Posted by Xiaoyi Lu on August 10, 2019
A paper is accepted in IISWC 2019: SimdHT-Bench: Characterizing SIMD-Aware Hash Table Designs on Emerging CPU Architectures. This paper got nominated as a Best Paper Award Candidate.
Congratulations, Dr. Shankar!
Paper Info
[IISWC'19] SimdHT-Bench: Characterizing SIMD-Aware Hash Table Designs on Emerging CPU Architectures (Best Paper Award Nomination)
Dipti Shankar, Xiaoyi Lu, and Dhabaleswar K. Panda.
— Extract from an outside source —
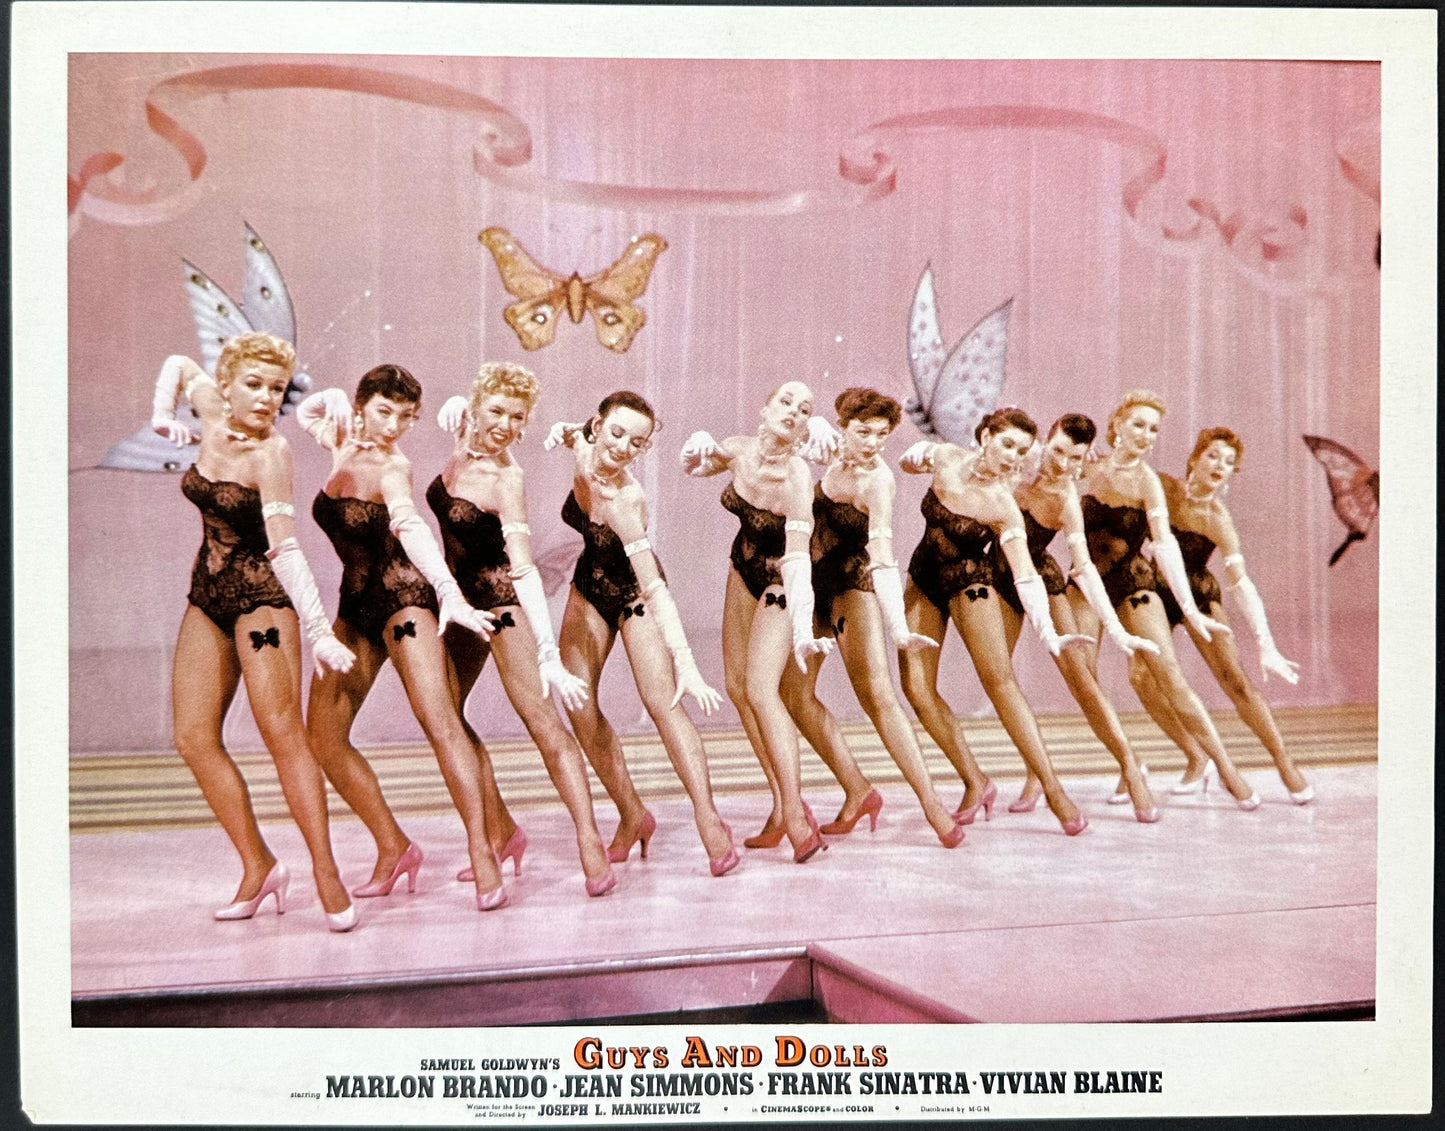 Guys And Dolls US Lobby Card (1955) - ORIGINAL RELEASE - posterpalace.com

In Proceedings of 2019 IEEE International Symposium on Workload Characterization (IISWC), 2019.
Abstract
With the emergence of modern multi-core CPU architectures that support data parallelism via vectorization, several storage systems have been employing SIMD-based techniques to optimize data-parallel operations on in-memory structures like hash-tables. In this paper, we perform an in-depth characterization of the opportunities for incorporating AVX vectorization-based SIMD-aware designs for hash table lookups on emerging CPU architectures. We analyze the challenges and design dimensions involved in exploiting vectorization-based parallel key searching over cache-optimized non-SIMD hash tables. Based on this, we design a comprehensive micro-benchmark suite, SimdHT-Bench, that enables evaluating the performance and applicability of CPU SIMD-aware hash table designs for accelerating different read-intensive workloads. With SimdHT-Bench, we study five different use-case scenarios with varied workload patterns, on the latest Intel Skylake and Intel Cascade Lake multi-core CPU nodes. Further, to validate the applicability of SimdHT-Bench, we employ these performance studies to design a high-performance SIMD-aware RDMA-based in-memory key-value store to accelerate the Memcached ‘Multi-Get’ workload. We demonstrate that the SIMD-integrated designs can achieve up to 1.45x–2.04x improvement in server-side Get throughput and up to 34% improvement in end-to-end Multi-Get latencies over the state-of-the-art CPU-optimized non-SIMD MemC3 hash table design, on a high-performance compute cluster with Intel Skylake processors and InfiniBand EDR interconnects.